A press release from Distrcit 3 McHenry County Board candidate Michael Walkup:

Walkup Points to “Outdated and Overly Restrictive Regulations”

Mike Walkup

The potential business climate in McHenry County is being stifled by outdated and overly restrictive regulations of all kinds.

A case in point is the use of agricultural property.

Not everyone in McHenry County lives on 160 acres of land that can be farmed with corn and soybeans.

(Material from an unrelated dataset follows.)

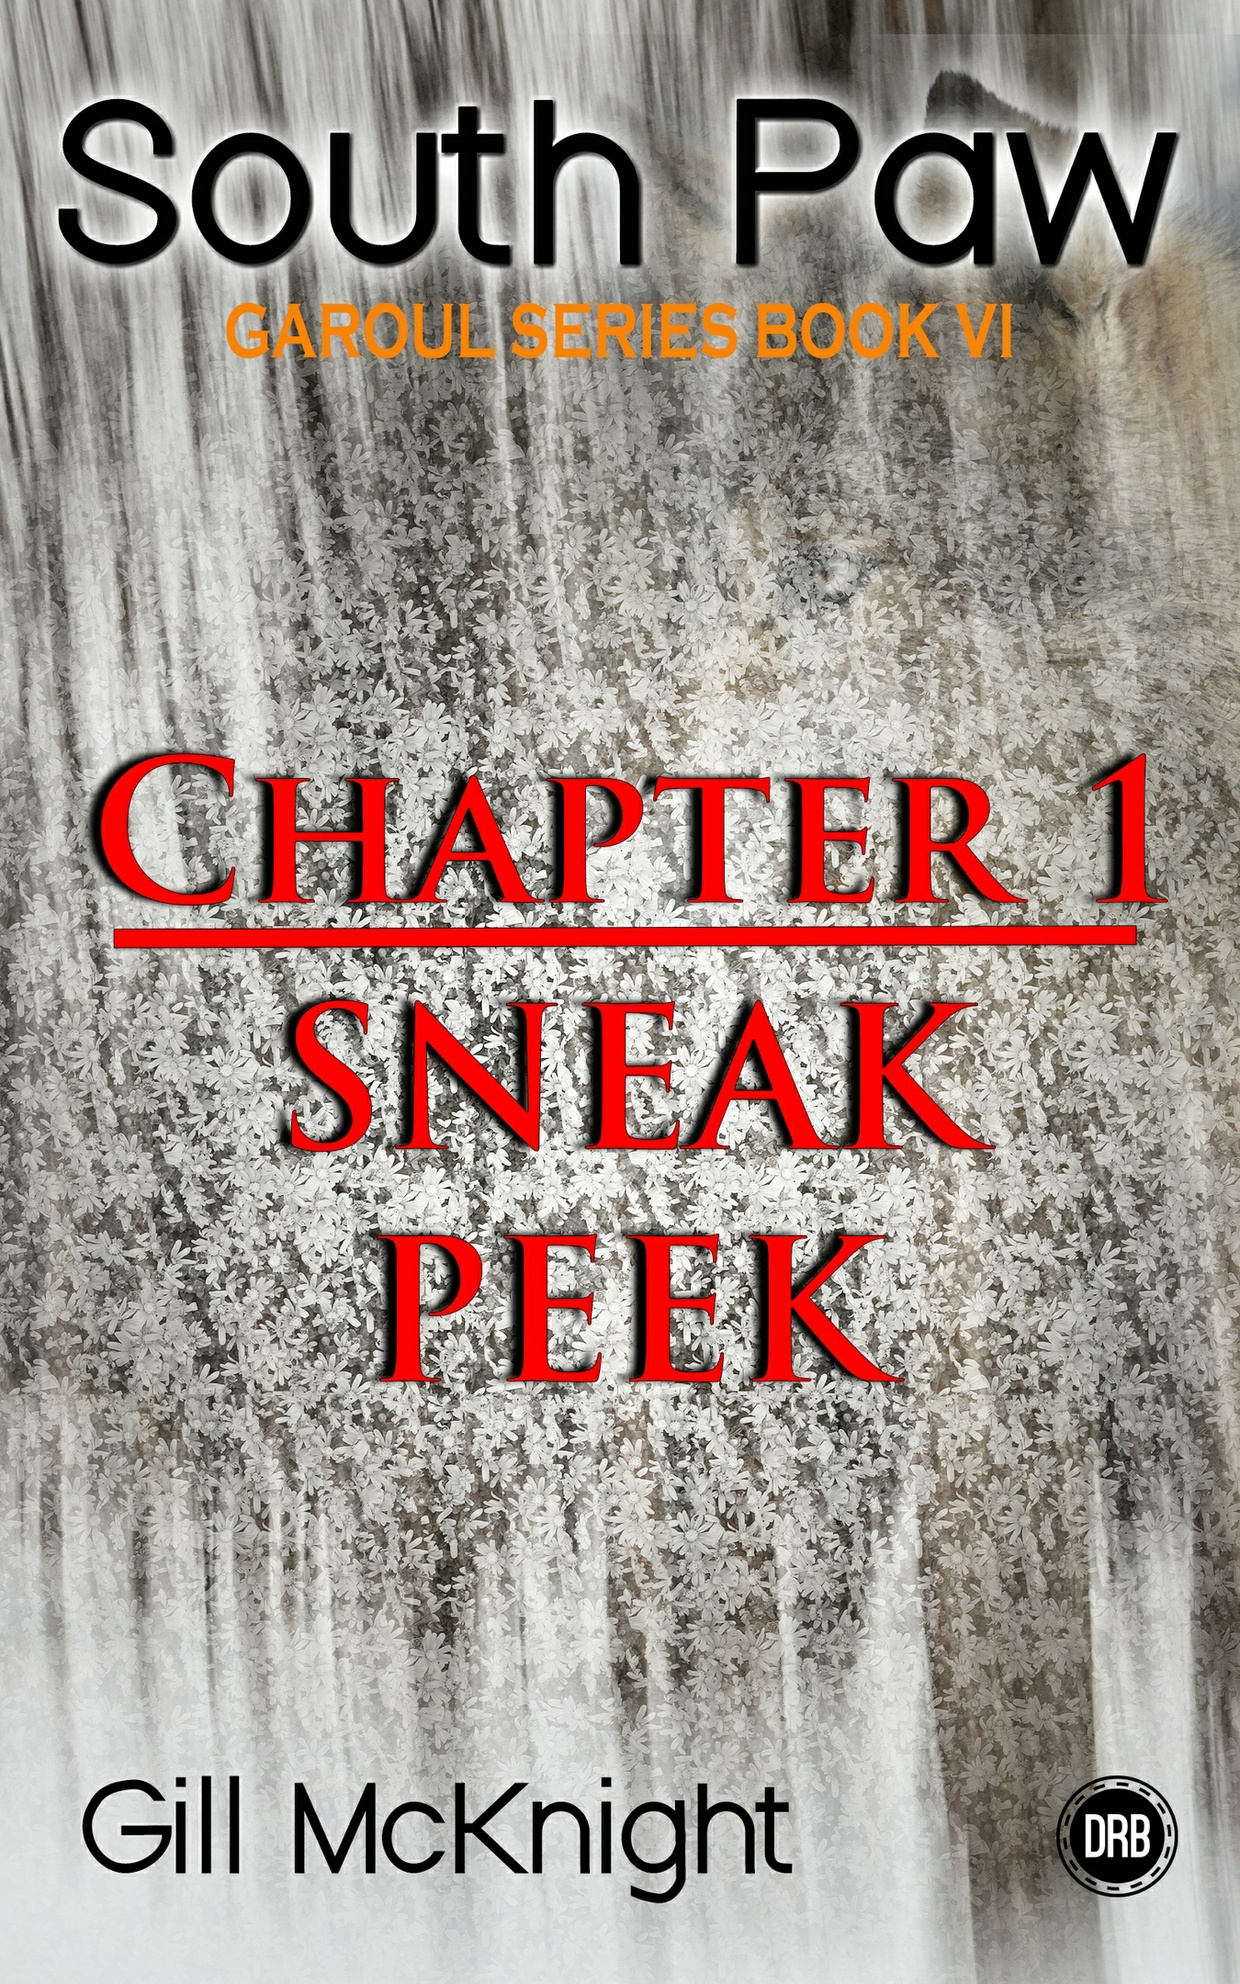 South Paw by Gill McKnight - Sneak Peek of Chapter 1 (epub)

Many people have varying size properties that are currently unused.

When some of those people want to try to put their land to productive use, and help preserve open space in the bargain, they are often stymied by the County.

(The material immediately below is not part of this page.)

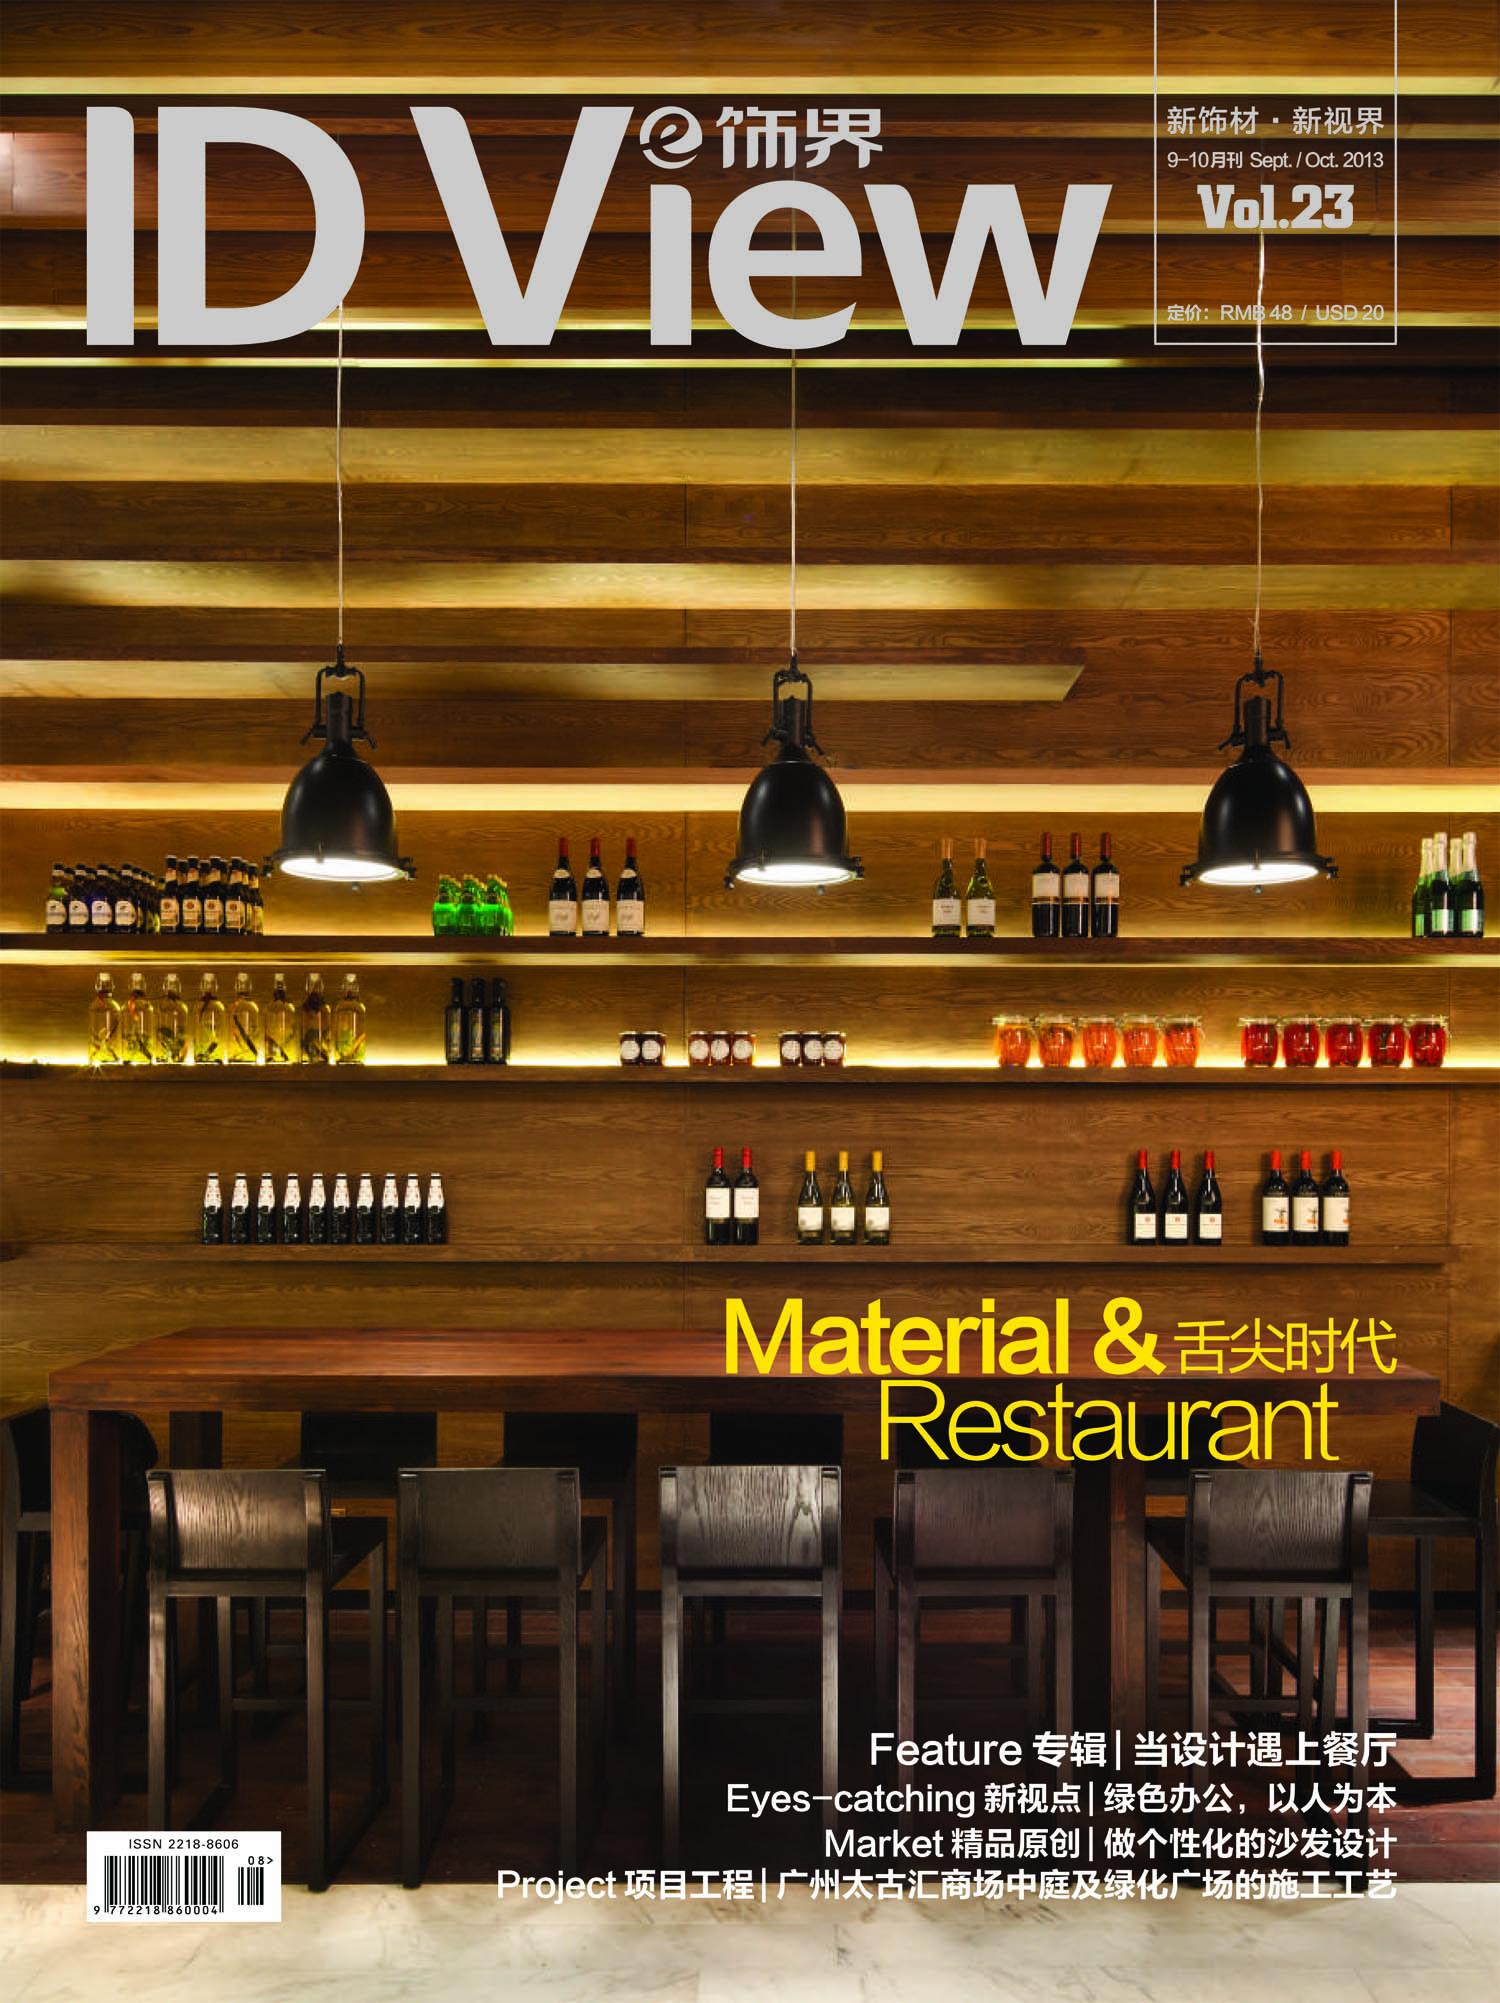 ID_View_china_Nov13-1-cover.jpg

For instance, an apple orchard cannot take it’s blemished apples and make and sell apple sauce.

Someone who raises popcorn can’t pop it for customers to have a taste unless he or she puts in a certified kitchen.

You cannot have more than one person working for you in a home occupation unless they are a member of your family.

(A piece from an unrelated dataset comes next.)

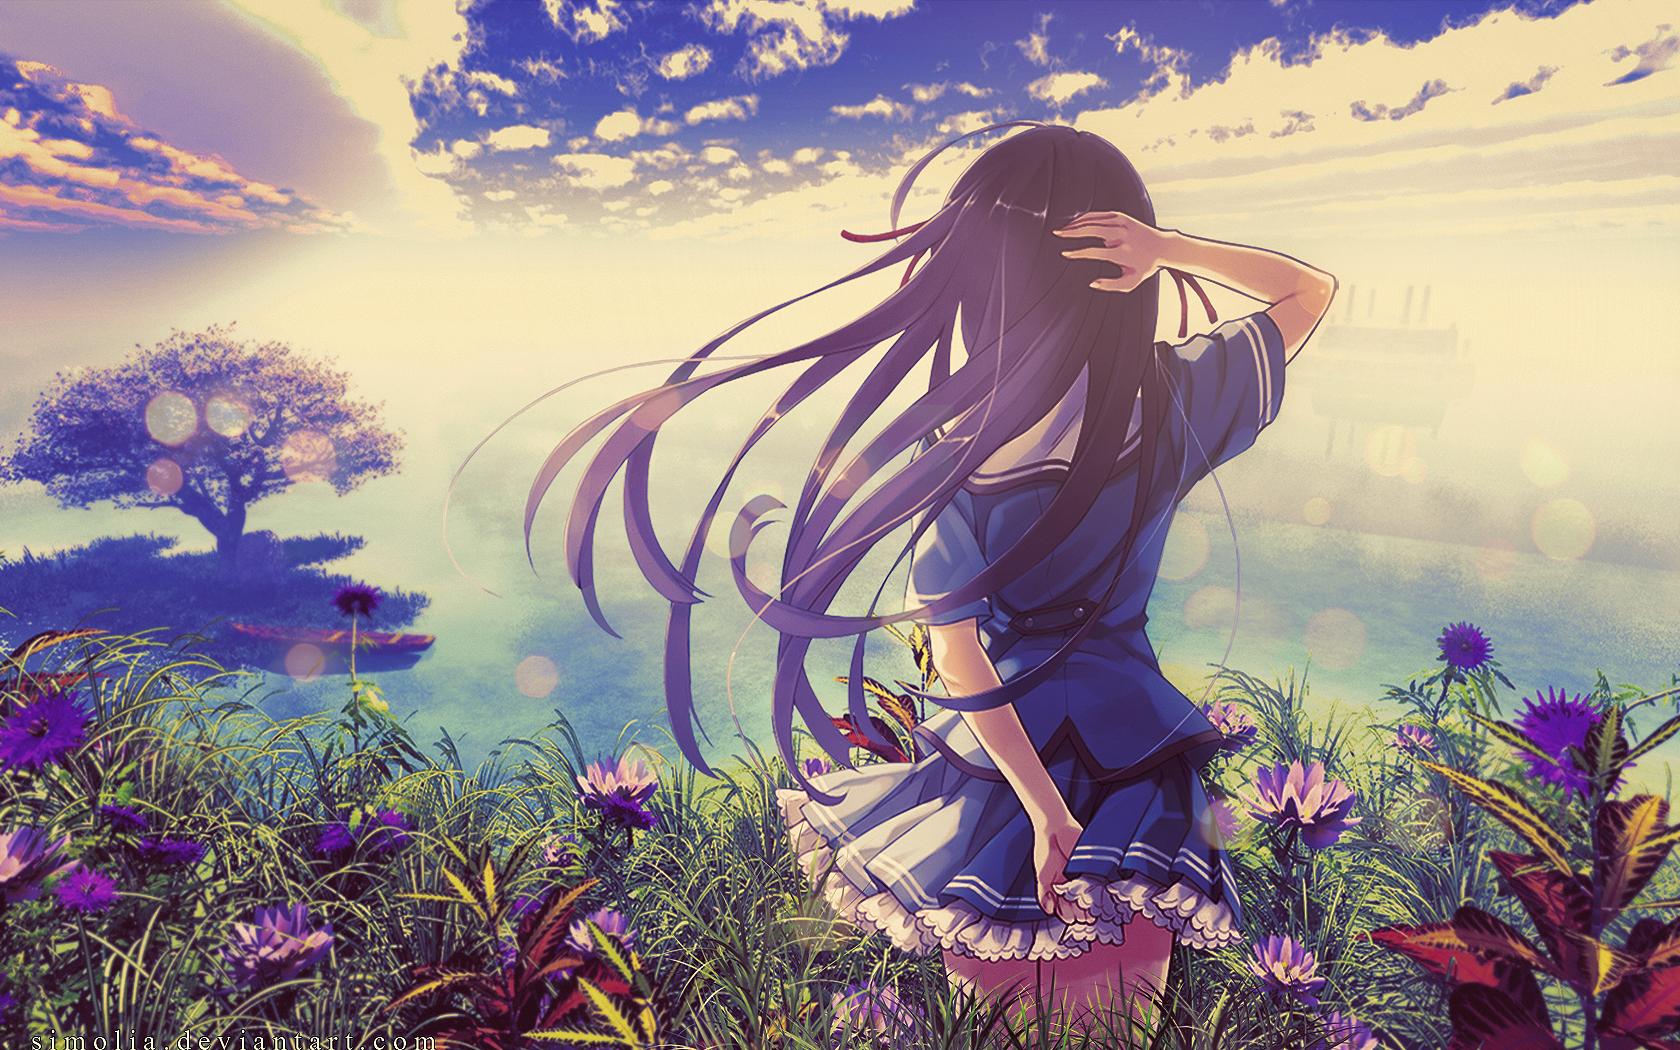 Anime wallpaper tumblr wallpapersafari - Anime pretty girl wallpaper ...

If you raise free range chickens or turkeys, you can slaughter up to a 1000 of them yourself in the back yard with minimal regulation and sell them to people who come over if you have agricultural zoning.

However, if you sell just one chicken that you have raised yourself and have taken to a certified inspected state or federal processor, you are violating the law.

If you do try to do one of these things, you are told that can apply for a Conditional Use Permit.

This requires hiring an attorney, but that is the least of your costs.

The county will also make you pave your driveway, no matter how long it is, so you can have one handicapped parking space that can be marked.

Then you have to put in male and female handicapped accessible bathrooms, on their own septic system, plus maybe a sprinkler system in your barn.

This brings the cost of a jar of apple sauce up to around $100,000.

You can. however, sell honey from your bees that are also in jars with no problem.

Attempts to develop an “agritourism” ordinance that would allow for more leeway floundered in committee at the County Board when the County attempted to force registrations and require each business to apply for Conditional Use Permits after three years of operation.

This assumes that everyone who wants to sell an apple corer at their orchard intends to try to become “AgriDisneyland”.

We need more common sense at the County. That’s why I am running for County Board, District 3, on March 20th, in the Republican Primary. Please be sure to vote.